The whole listing, except its pictures, is to be repeated exactly.

.....

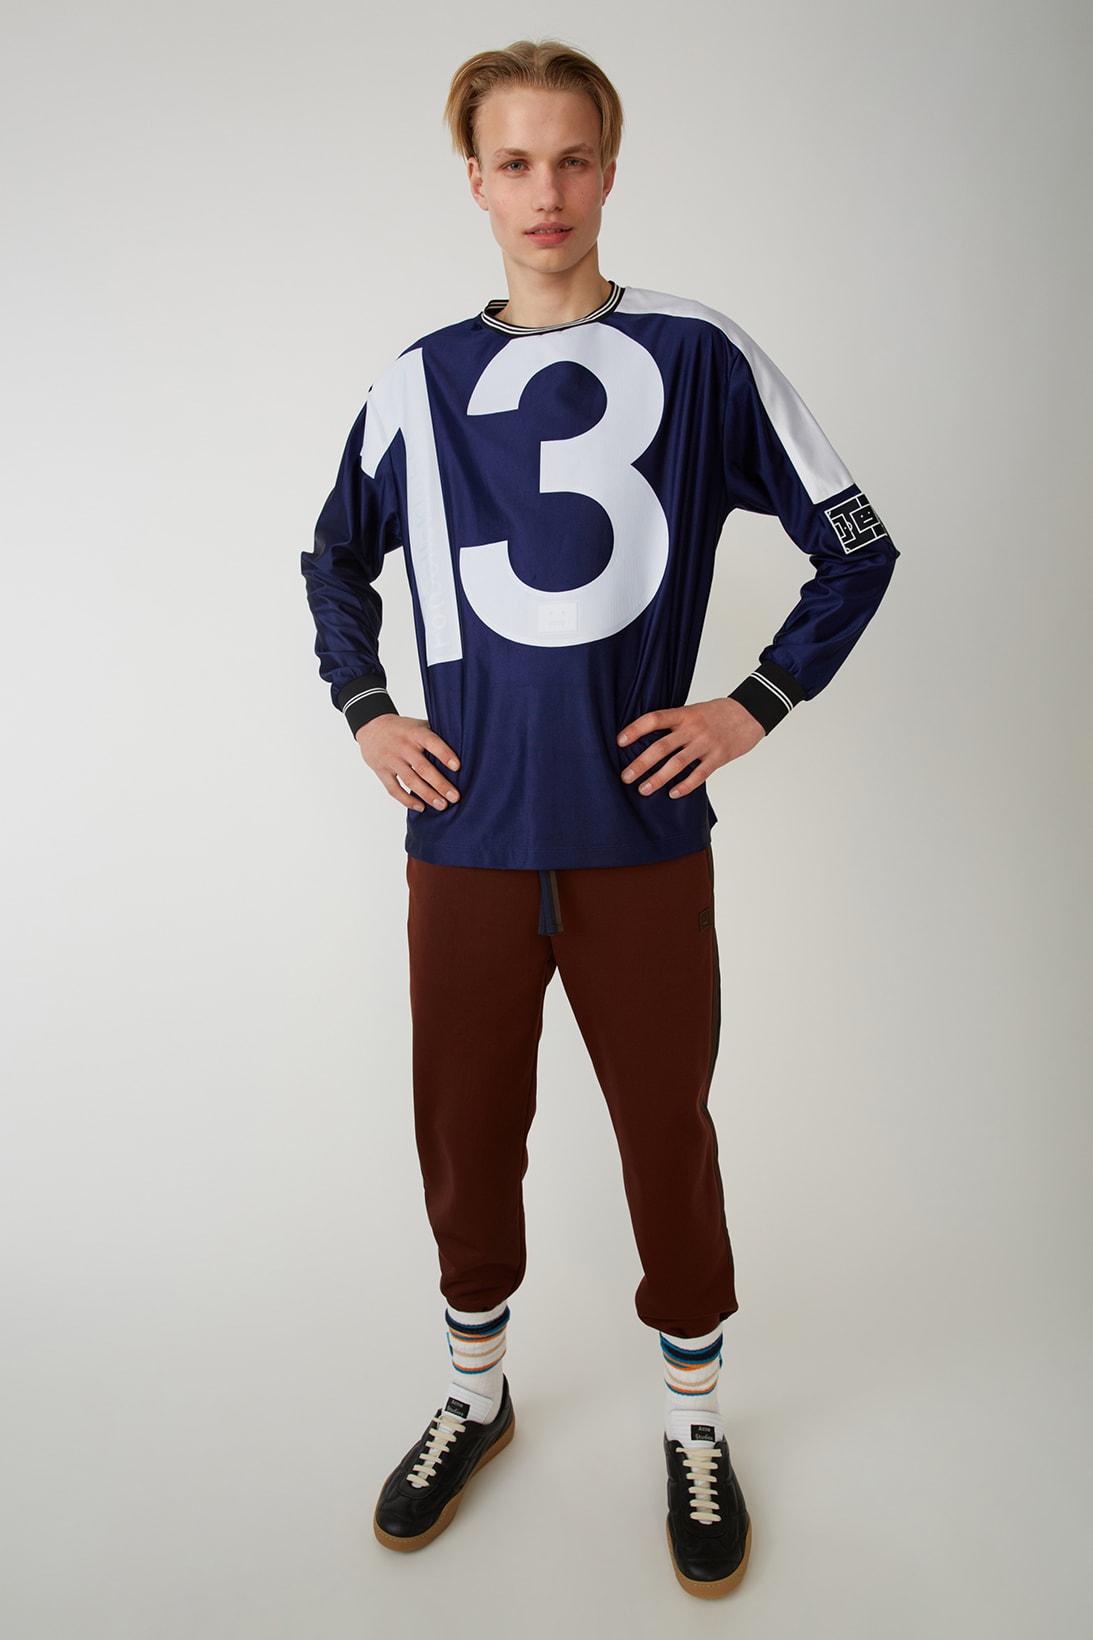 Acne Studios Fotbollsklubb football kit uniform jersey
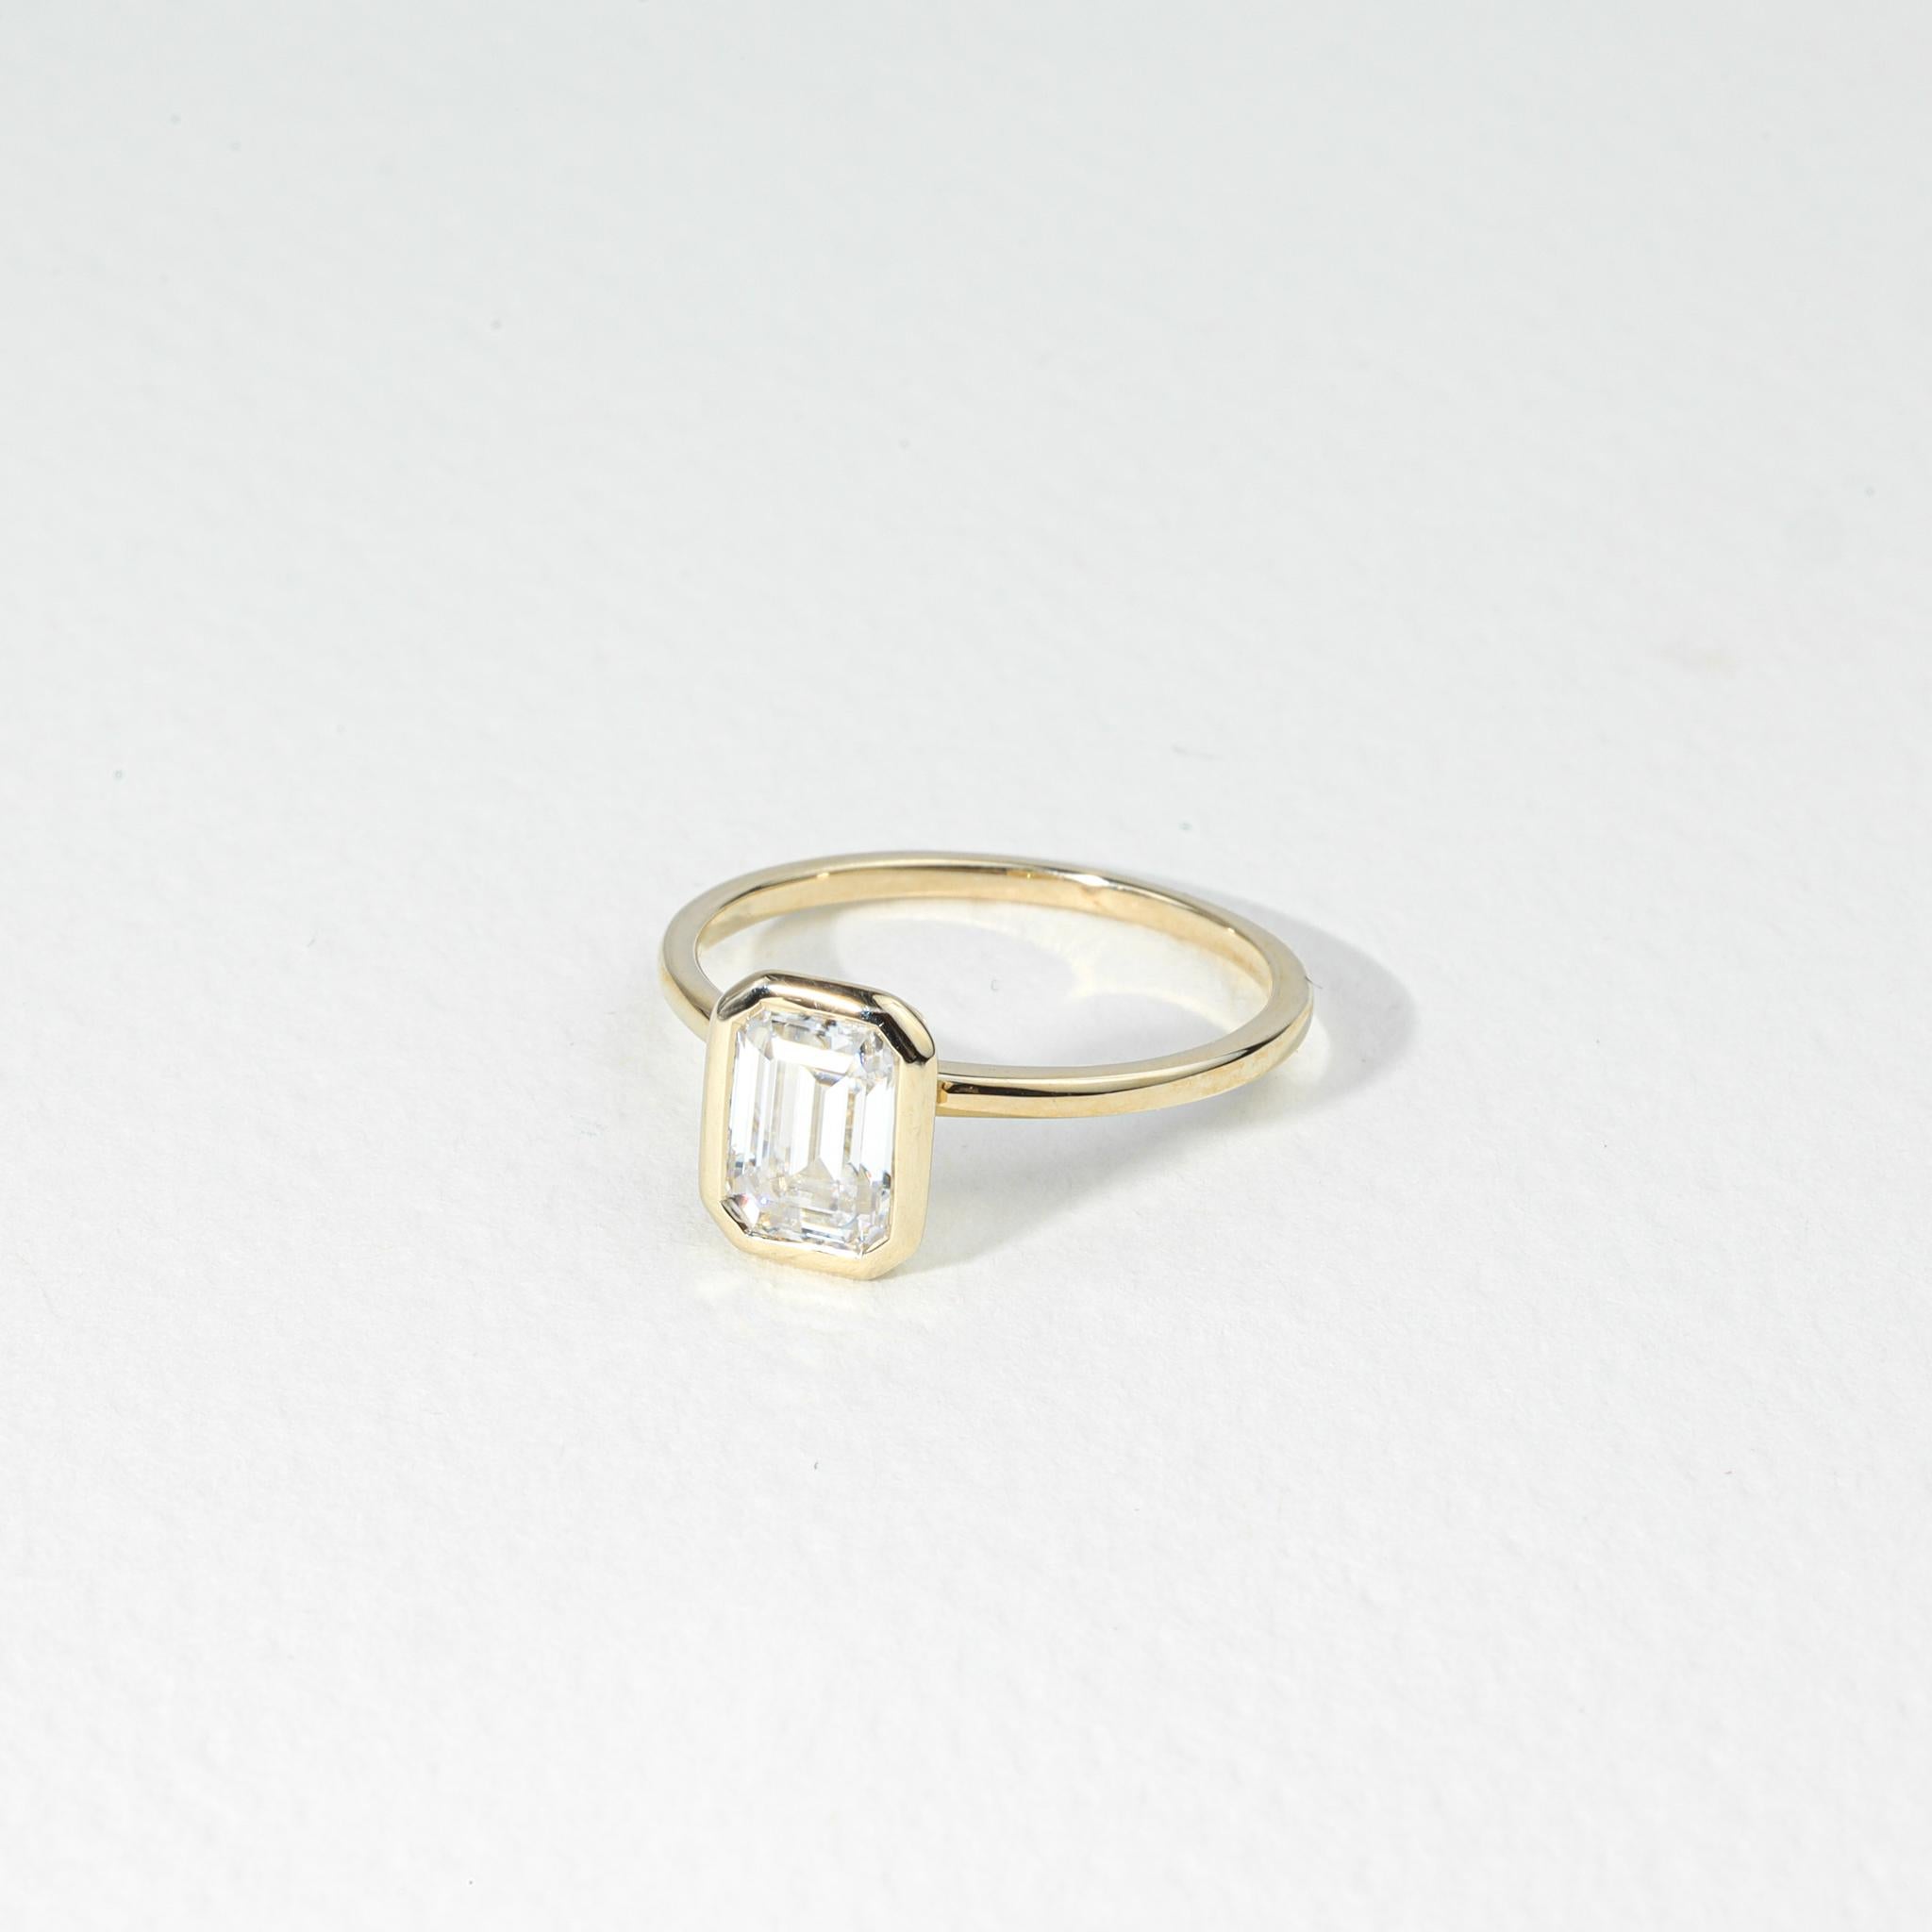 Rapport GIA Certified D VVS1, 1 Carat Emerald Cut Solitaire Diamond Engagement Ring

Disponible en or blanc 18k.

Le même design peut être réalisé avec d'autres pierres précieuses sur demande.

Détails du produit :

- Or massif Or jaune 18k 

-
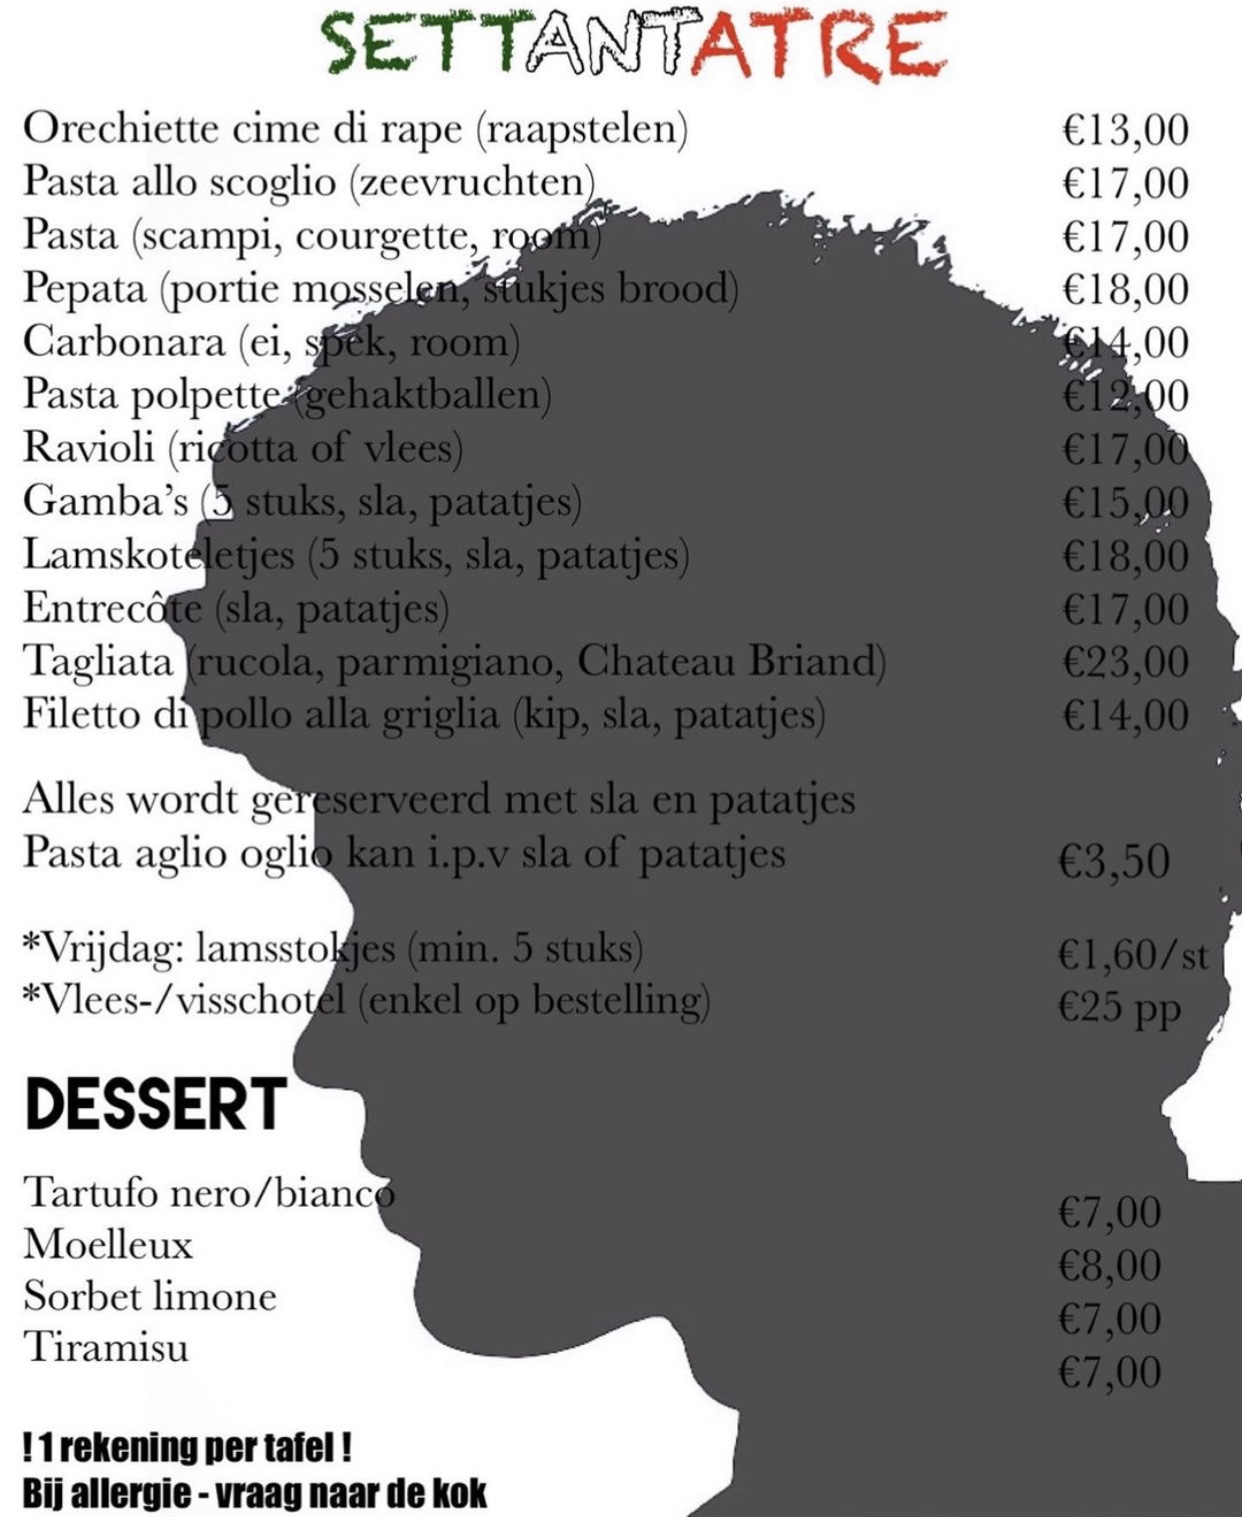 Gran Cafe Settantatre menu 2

.....

**Result of the task**
 Acne Studios Fotbollsklubb football kit uniform jersey
 Rapport GIA Certified D VVS1, 1 Carat Emerald Cut Solitaire Diamond Engagement Ring

Disponible en or blanc 18k.

Le même design peut être réalisé avec d'autres pierres précieuses sur demande.

Détails du produit :

- Or massif Or jaune 18k 

-
 Gran Cafe Settantatre menu 2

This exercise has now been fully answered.